- _Source material_:
•••

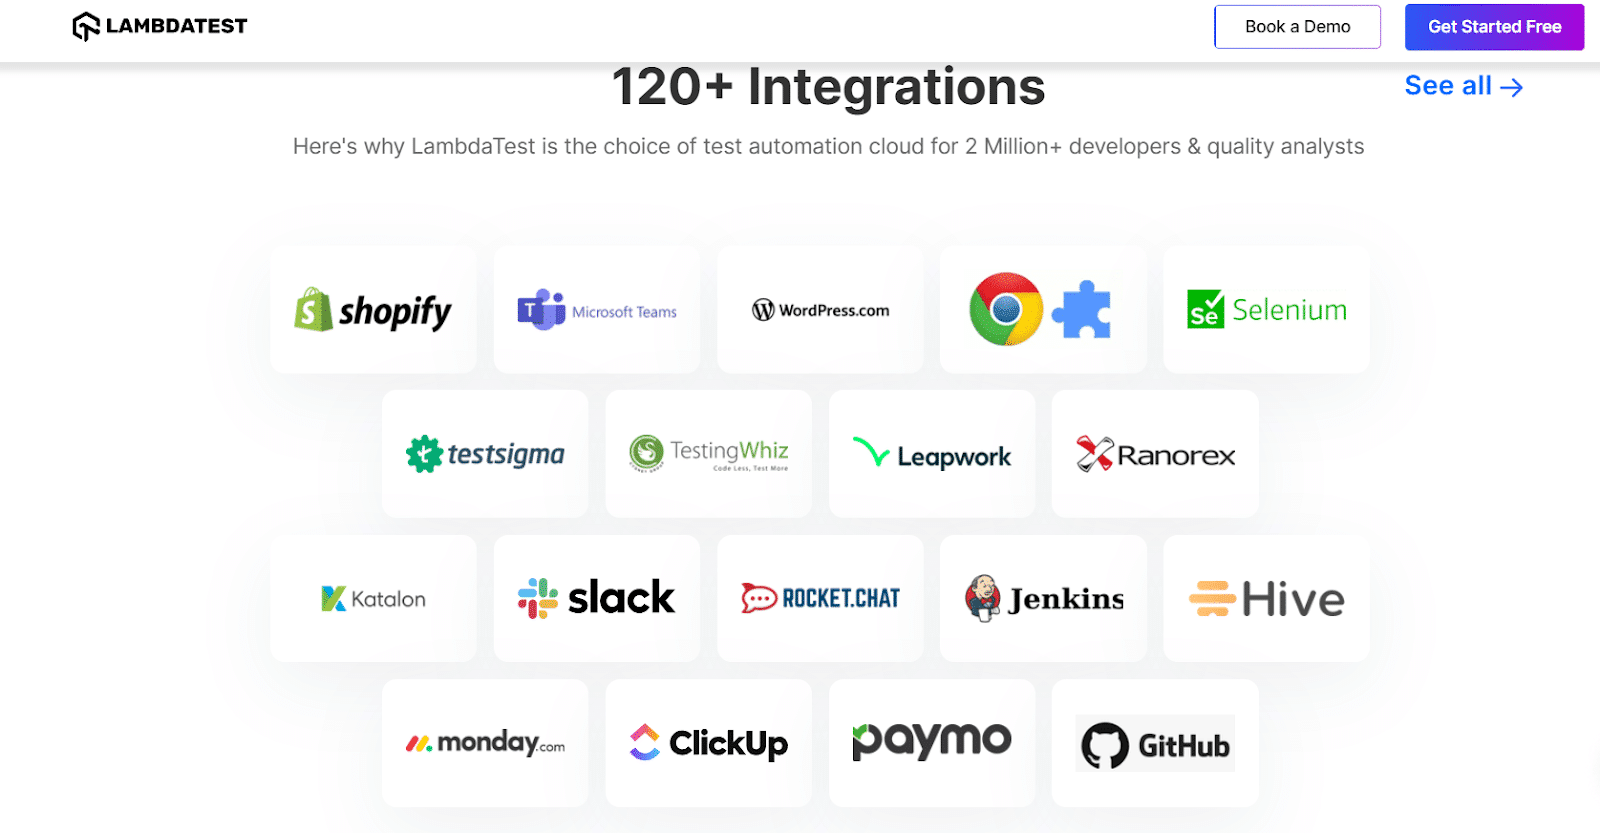 Lambda Test integrates up to more than 120 integrations
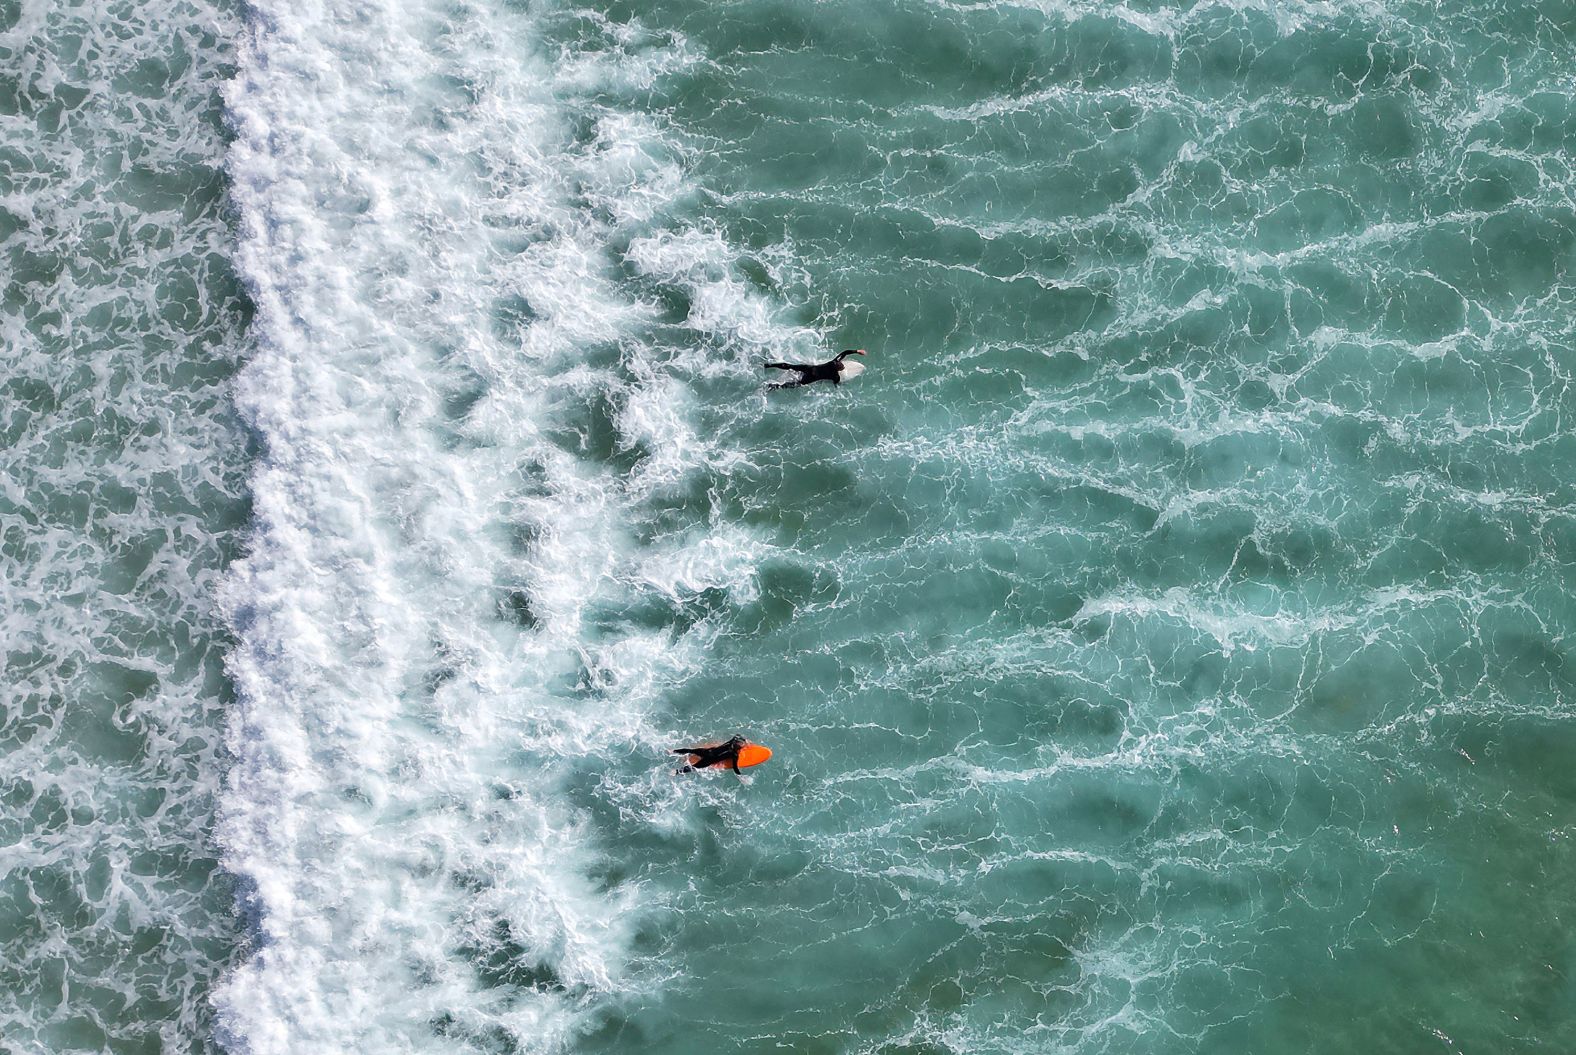 This photo, taken with a drone, shows surfers at Fistral Beach in Newquay, England, on Thursday, May 9.
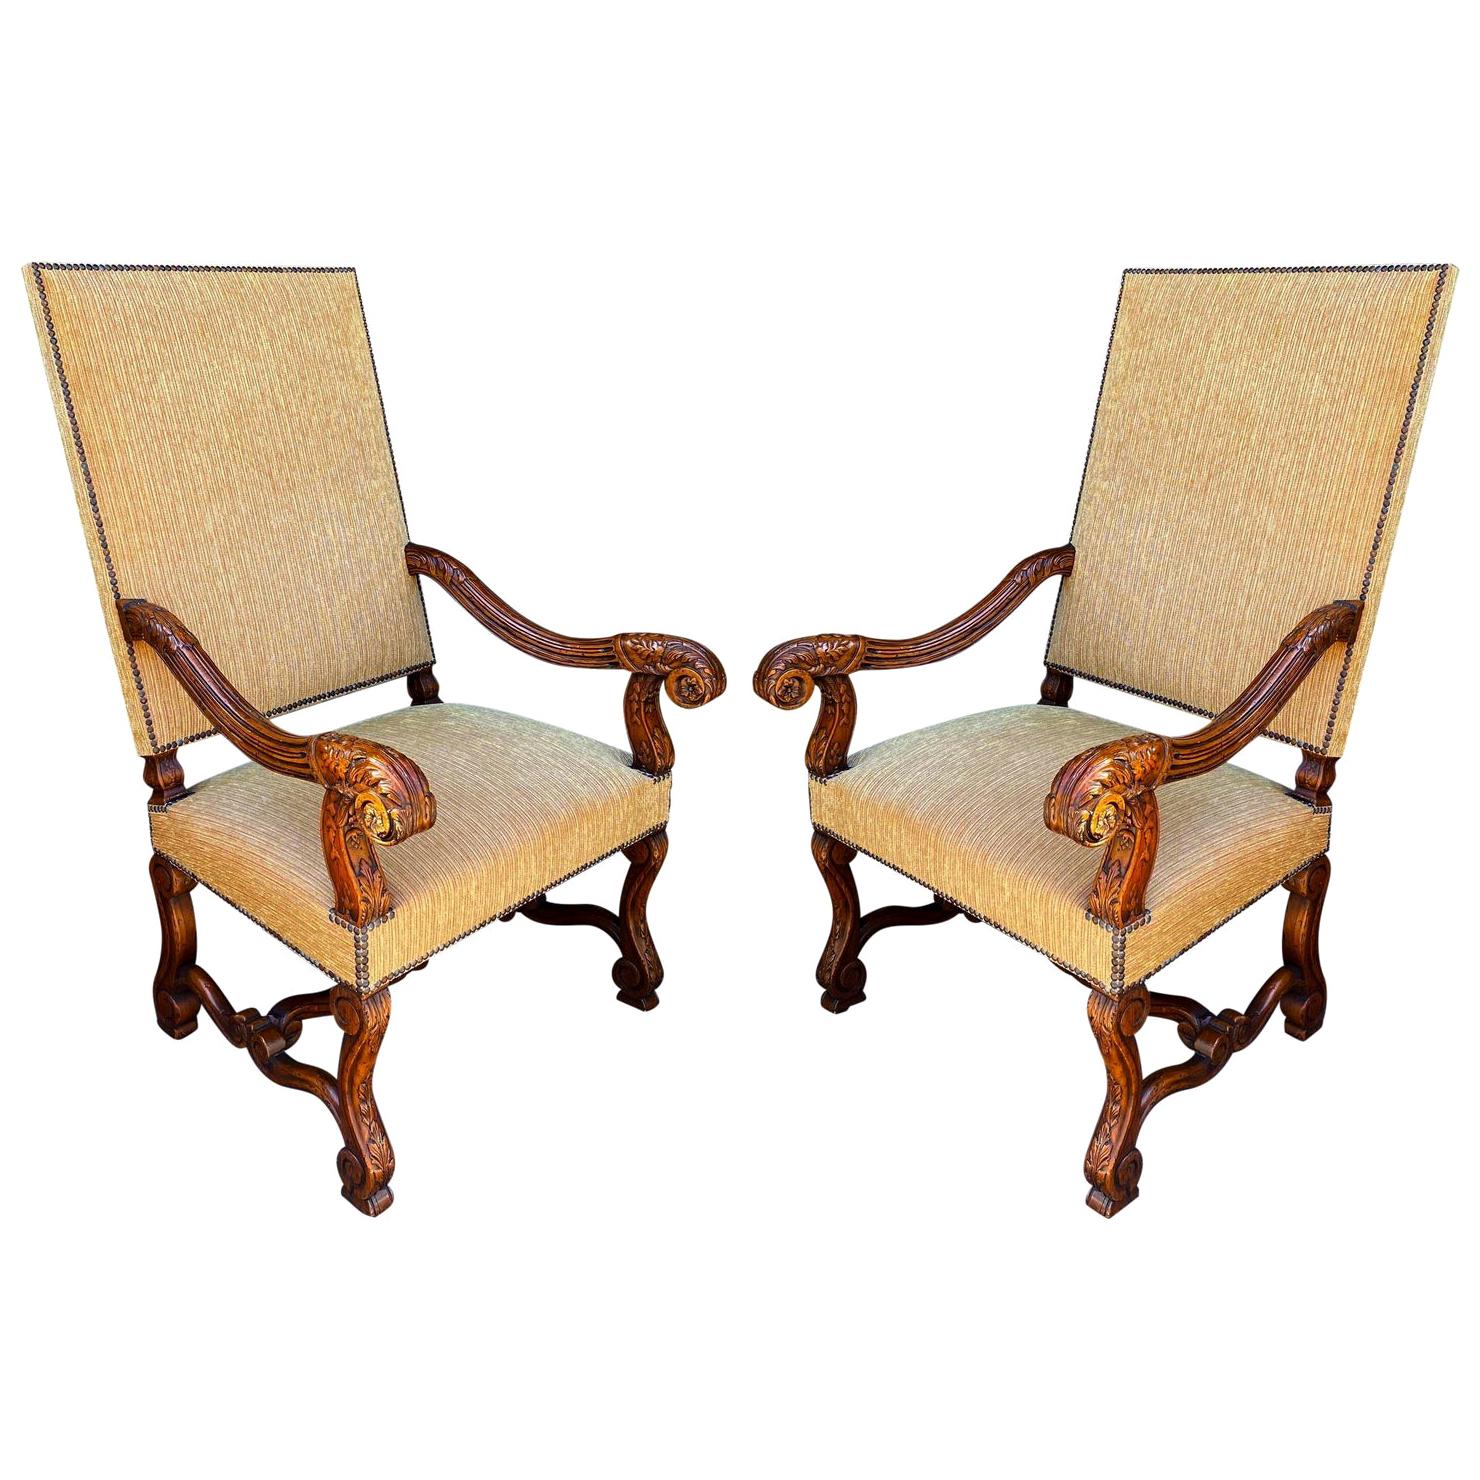 Ebanista Spanish Colonial Carved Walnut Throne Chairs, a Pair
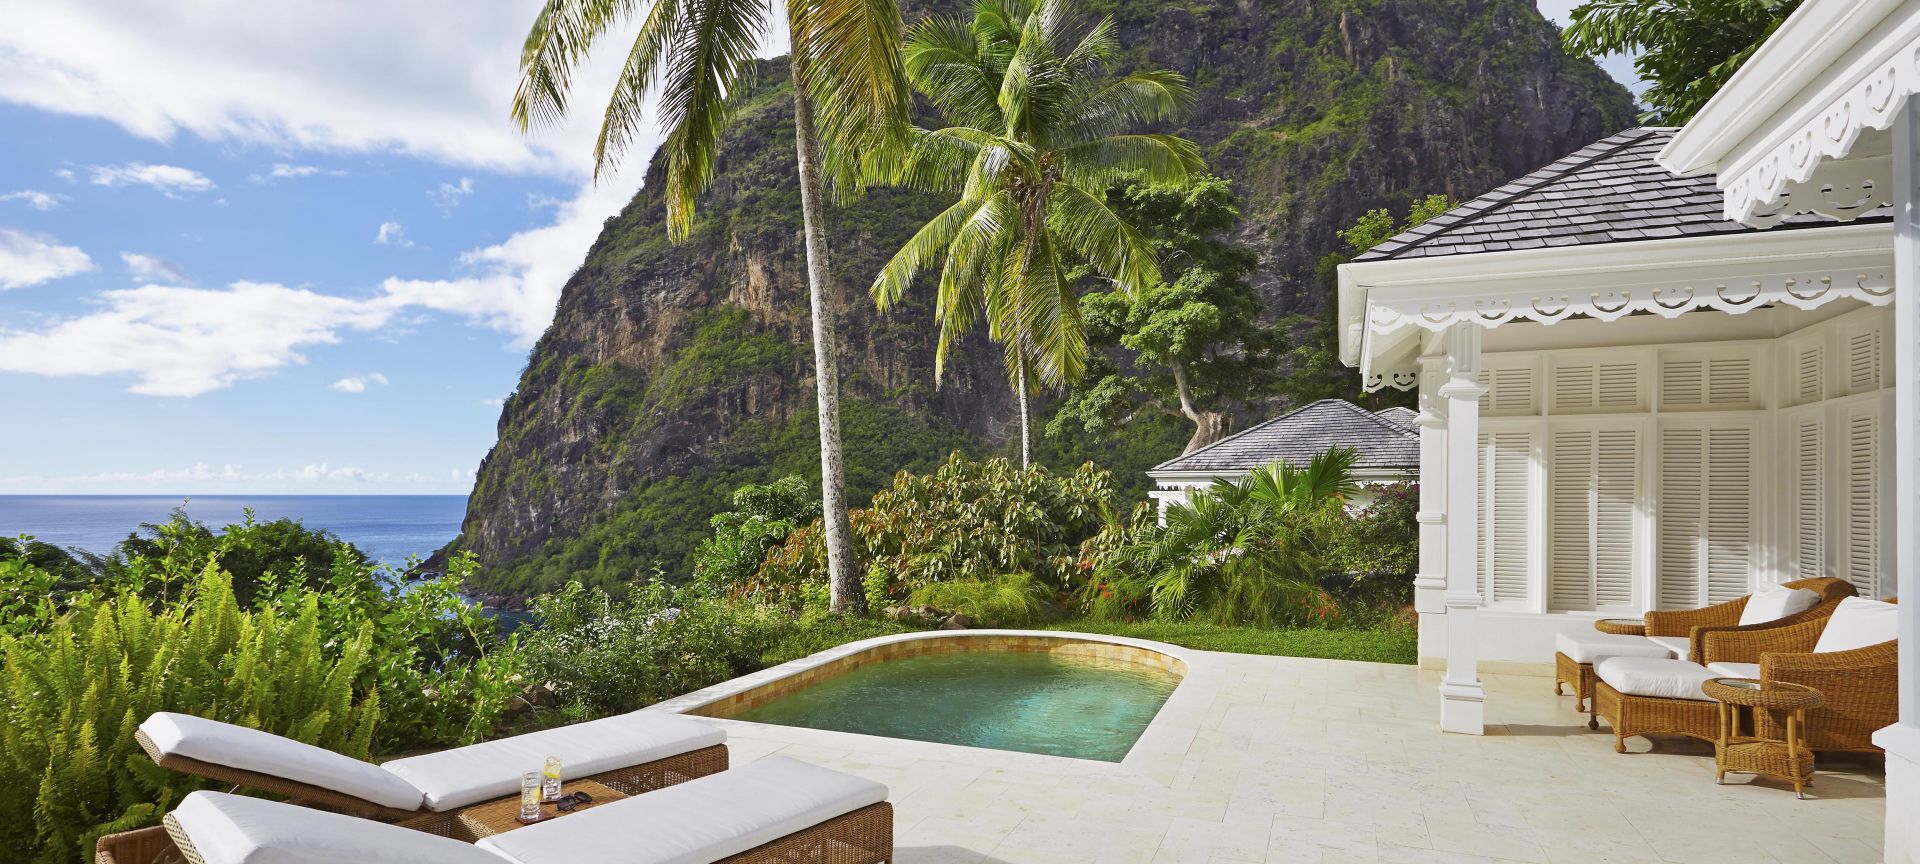 Luxury St. Lucia accommodations with dip pool and ocean views

•••

- _Task to complete_: Return all the lines above exactly; none of the pictures should appear.

- _Answer section_:
 Lambda Test integrates up to more than 120 integrations
 This photo, taken with a drone, shows surfers at Fistral Beach in Newquay, England, on Thursday, May 9.
 Ebanista Spanish Colonial Carved Walnut Throne Chairs, a Pair
 Luxury St. Lucia accommodations with dip pool and ocean views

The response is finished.